LEWISTON – City and town officials throughout Androscoggin County are in a push to complete a Homeland Security training program and preserve access to grants and disaster reimbursement dollars.
Most Androscoggin County municipalities won’t finish the most basic National Incident Management Training before the Sept. 30 deadline, according to Joanne Potvin, county Emergency Management Authority director.
“We’ve been talking about this for a year and half, but it’s still coming down to the wire,” she said. “So right now, we’re being as aggressive as we can, doing three training sessions a day, but we’re still not going to make it.”
Last year, FEMA directed $1.8 million in grants to Androscoggin County and its municipalities for emergency management and homeland security projects. The federal government has made completing the classes a requirement for getting future grants as well as other money.
“It also includes the hundreds of thousands of dollars they can apply for if some sort of disaster should befall us,” Potvin said.
The national system was adopted in the wake of the Sept. 11, 2001 attacks as a set of procedures that emergency personnel could use to make sure problems are contained efficiently. Those could include natural disasters like hurricanes or ice storms, or man-made problems like terrorist attacks or hazardous chemical spills.
The system became more critical in the wake of Hurricane Katrina. FEMA and the Department of Homeland Security made adopting and understanding the guidelines a requirement for any government agency getting federal homeland security grants or other dollars.
FEMA set a deadline, Sept. 30, for governments to have the most basic training complete for fire and other public safety personnel. The Maine Emergency Management Agency added city officials and elected leaders to that list, she said. That includes two classes, an introduction to incident management and an overview of the national system.

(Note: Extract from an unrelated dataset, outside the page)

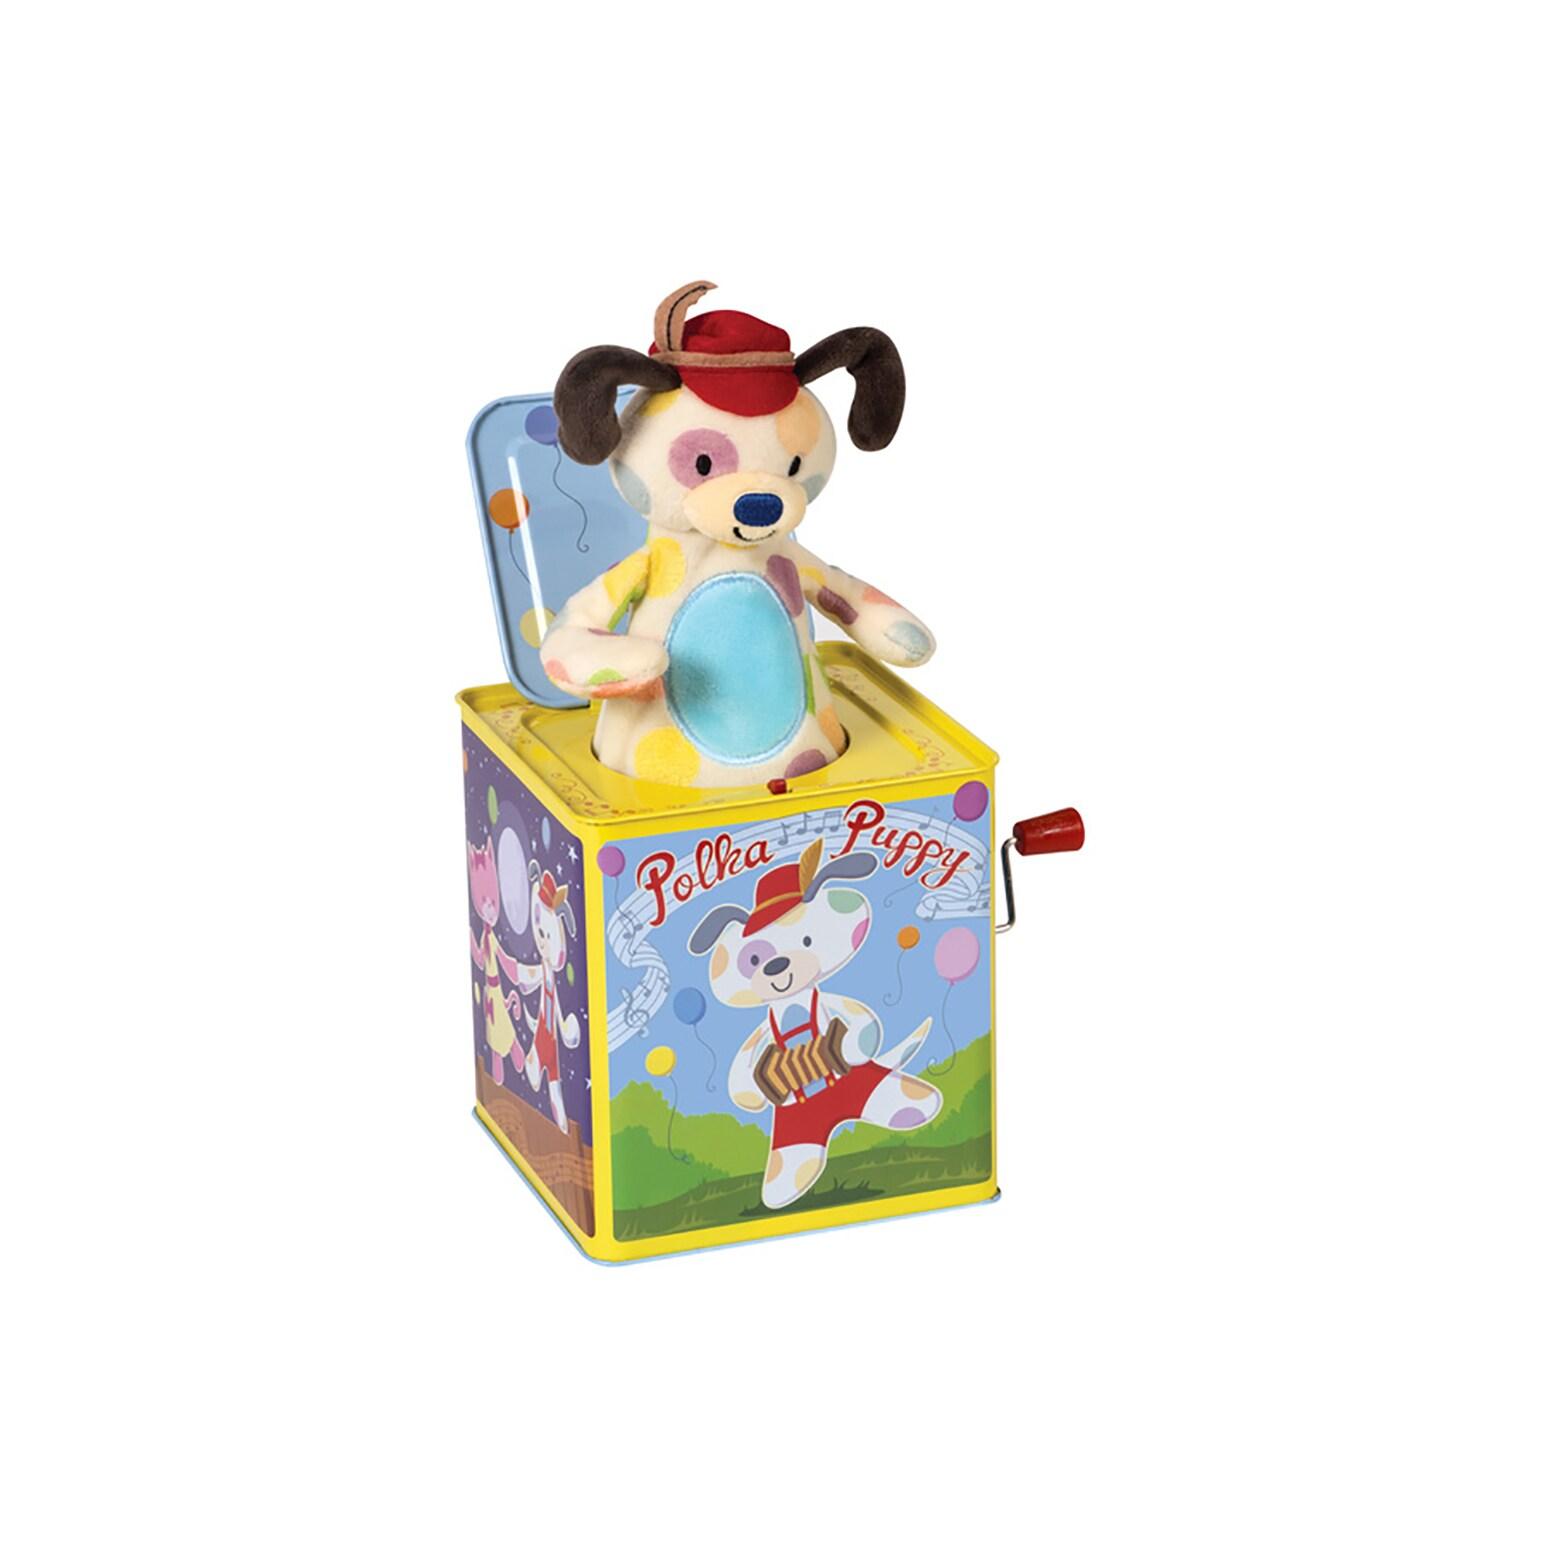 Schylling Polka Puppy Jack In Box (G019649233793)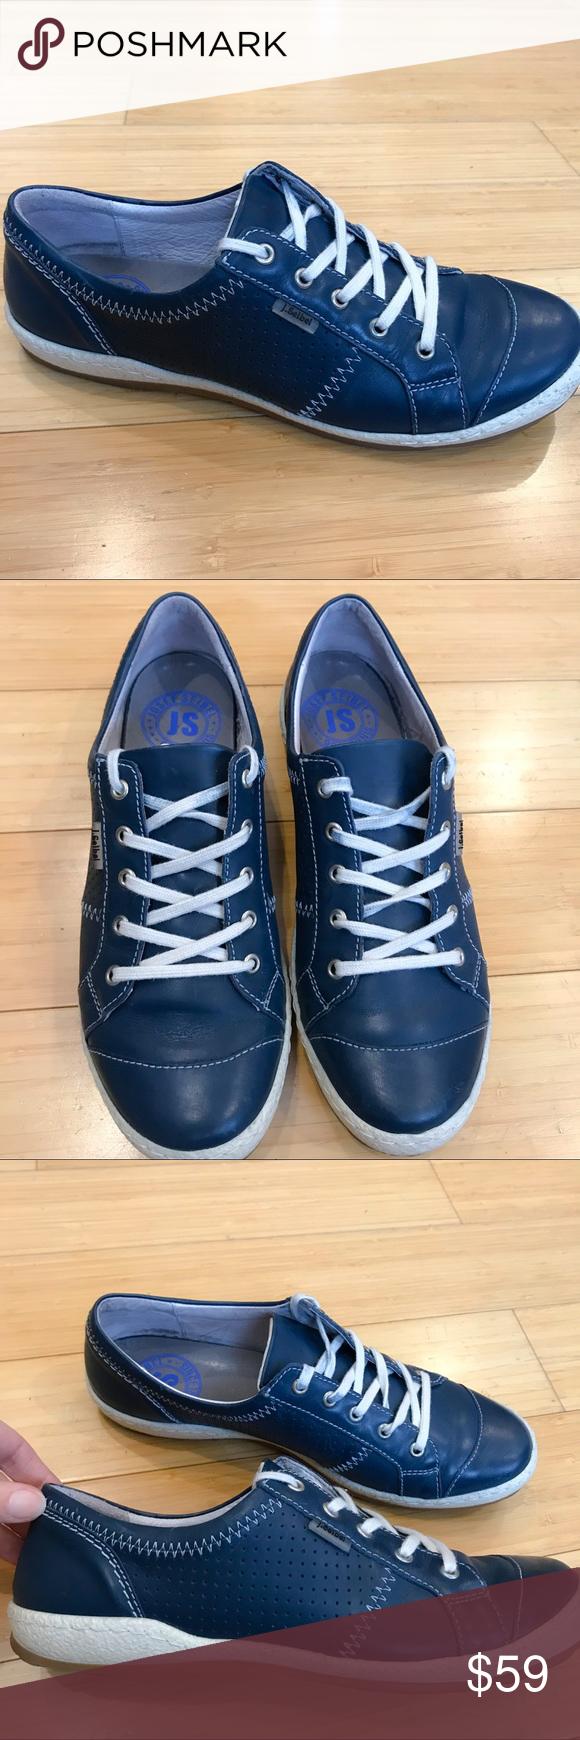 JOSEPH SEIBEL Caspian blue sneakers, 40

Potvin, who is in charge of doing the training for Androscoggin County’s 14 municipalities, said they won’t make that deadline.
“There’s just not enough time to get everybody trained,” Potvin said. Most local fire departments meet the standards, but police and public works employees in many cities and towns still need the training. City councilors and selectman, managers and top municipal staff need at least the basic level of training as well.
She’s finished training for Androscoggin County, Sabattus and Livermore. She’s scheduled to do training for Durham, Livermore Falls, Turner and Leeds later this fall and hopes to schedule with Lewiston and Auburn soon.
“But my goal now is to have everybody in the county trained to that basic level by Nov. 15,” she said.
She hopes that will satisfy federal officials.
“I’m hoping they just accept that we have the training scheduled and won’t mind beyond that,” she said.